Classifying Asthma

DR. SOPHOCLES: How is asthma classified?
DR. COX: The next slides are from the NHLBI guidelines. The guidelines have a number of tables and I would encourage you to go to the website and download these because these are useful resources and references. In the guidelines, the classification of asthma severity is stratified in three age groups; children 0-4, children 5-11, and then youths and adults 12 and greater. In the classification system there is a slight difference from previous guidelines. The slight difference is called intermittent. In the past it was called mild intermittent. And then in the persistent category we have mild, moderate, and severe.

Now in children 0-4, in terms of classifying persistent asthma, there really has not been a lot of changes. The asthma predictive index that I mentioned earlier is used except that they refer to greater than four wheezing episodes, but with the same major and minor criteria that I mentioned earlier. And in those children, if they meet that criteria, then they’re considered persistent and treatment should be recommended. Once they’re in the persistent category, the severity depends on how often they have symptoms. In this instance, if they have symptoms greater than two times a week they’re considered

mild, if it is daily it is moderate, and if it is throughout the day it is severe. In terms of night time awakenings, one to two times a month is mild, three to four is moderate and more than that is severe. That is the classification system for children zero to four. Again, a subtle change is that intermittent doesn’t have mild in front of it anymore. You are using the asthma predictive index with a slight change in that it is not greater than three, it is greater than four episodes, and one of the major or two of the minor criteria.

The next table is children 5-11 and very similar in terms of the changes.

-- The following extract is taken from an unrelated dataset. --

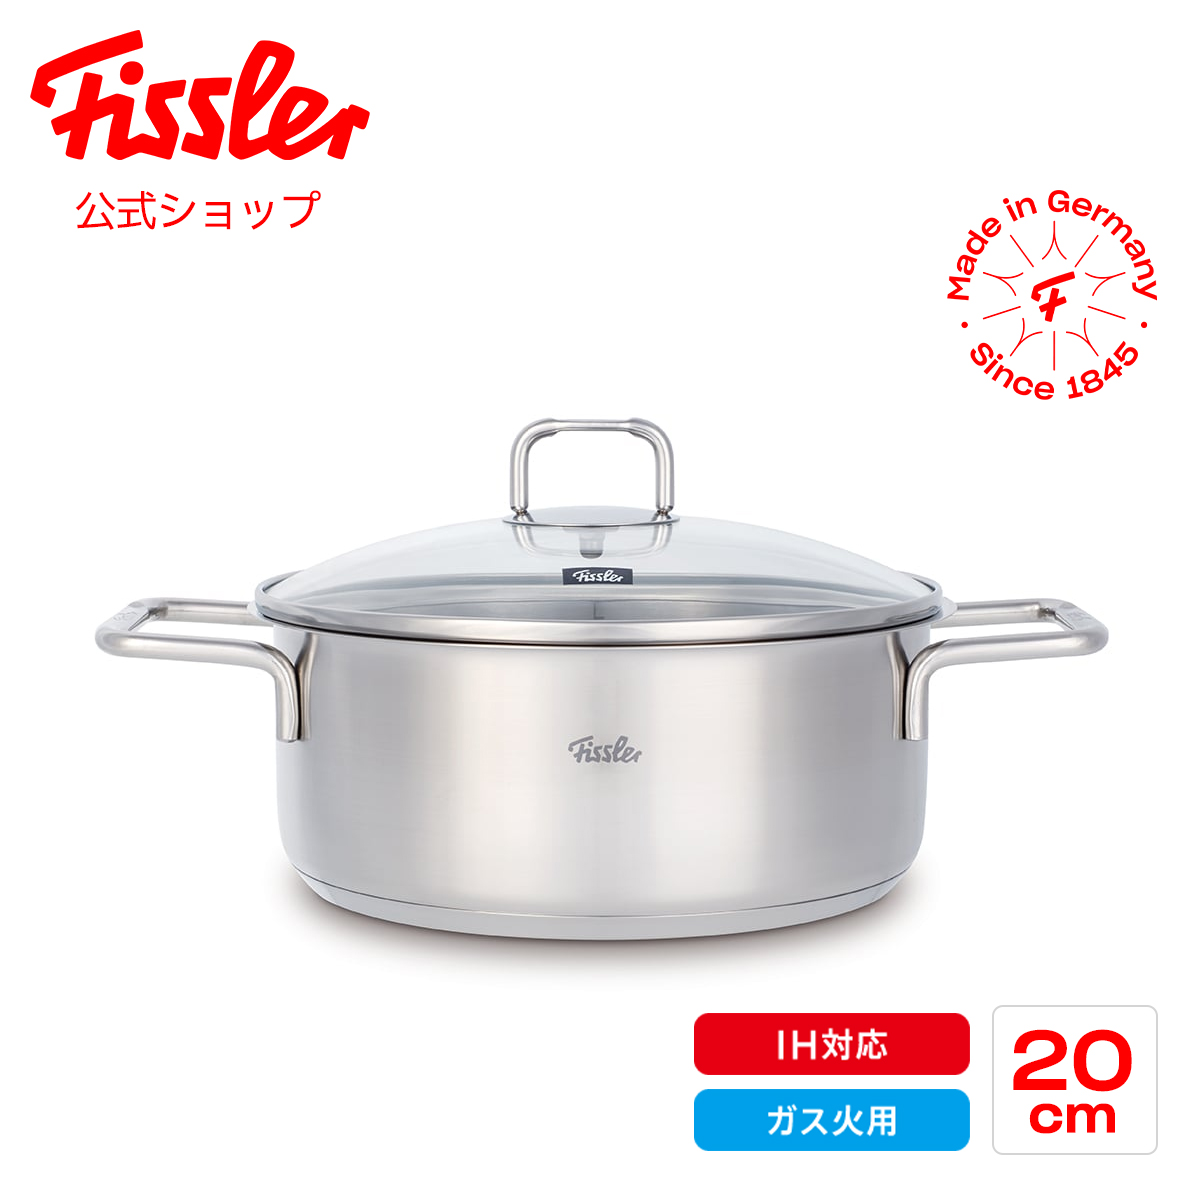 売れ済公式店 Fissler ロンドン 20cm キャセロール 調理器具

We don’t have the asthma predictive index. What we do have is a little change once they’re in the persistent category. In this case, greater than two times a week for symptoms is mild persistent as it was before, but for night time awakenings, three to four times a month is mild, so less than three would still keep you in the intermittent category and that is a little different from the previous guidelines in which greater than two times a month would put you in the persistent category. These tables now have two domains: impairment and risk. The severity classification will go with whichever of the two is most severe, so if you were mild by the impairment classification and your risk places you into moderate or more severe, your asthma classification would be based on whichever gave you the worst rating.

Then we have the table that is for youths greater than 12 years and adults, very similar to the 5-11 group. In this particular table, they actually include in the impairment the lung function which the others included, but it also gives you an FEV1 over FVC ratio as part of your criteria in judging asthma severity. So, not only are you looking at FEV1 but you are looking at the ratio of FEV1 to FVC because particularly in the pediatric population, it may be more sensitive than the FEV1.

Once you’ve classified a patient’s asthma on your initial evaluation, the remainder of your evaluation is going to be assessing control; so there is actually a different series of tables based on asthma control once you’ve initiated therapy. Some of the suggested questions you should be asking on the patient’s visit are, “Has your asthma awakened you at night or early morning? Have you needed your rescue or quick reliever medication, beta-agonists, more often than usual? Have you needed any urgent medical care for your asthma such as unscheduled visits to your physician, or urgent case clinic or emergency department? Are you participating in your usual and desired activities?” If they say, “No” like “I’m not doing sports,” find out why they are not. Some children may not participate because they can’t and some really don’t want to, and there may be different reasons for that. If they are measuring their peak flow readings, ask them what their recent readings are, or better yet ask them to bring a copy of their record.

Actions to consider on these visits depend on whether the medications are actually being taken as rescribed. We try to ask patients to bring their medications in and we like to re-evaluate their inhaler technique on subsequent office visits. That is now part of the current asthma panel guideline recommendations - to valuate and assess patients’ correct techniques, not only on initial assessment but on follow-up visits. Assess lung function with spirometry and compare it with previous measurements. This would not be at every visit but at appropriate times when you are trying to assess response to treatment if they’ve had increased symptoms. Adjust medication as needed, either step up or down depending on their level of control. The goal of herapy is really to provide control, but with the lowest dose of medications.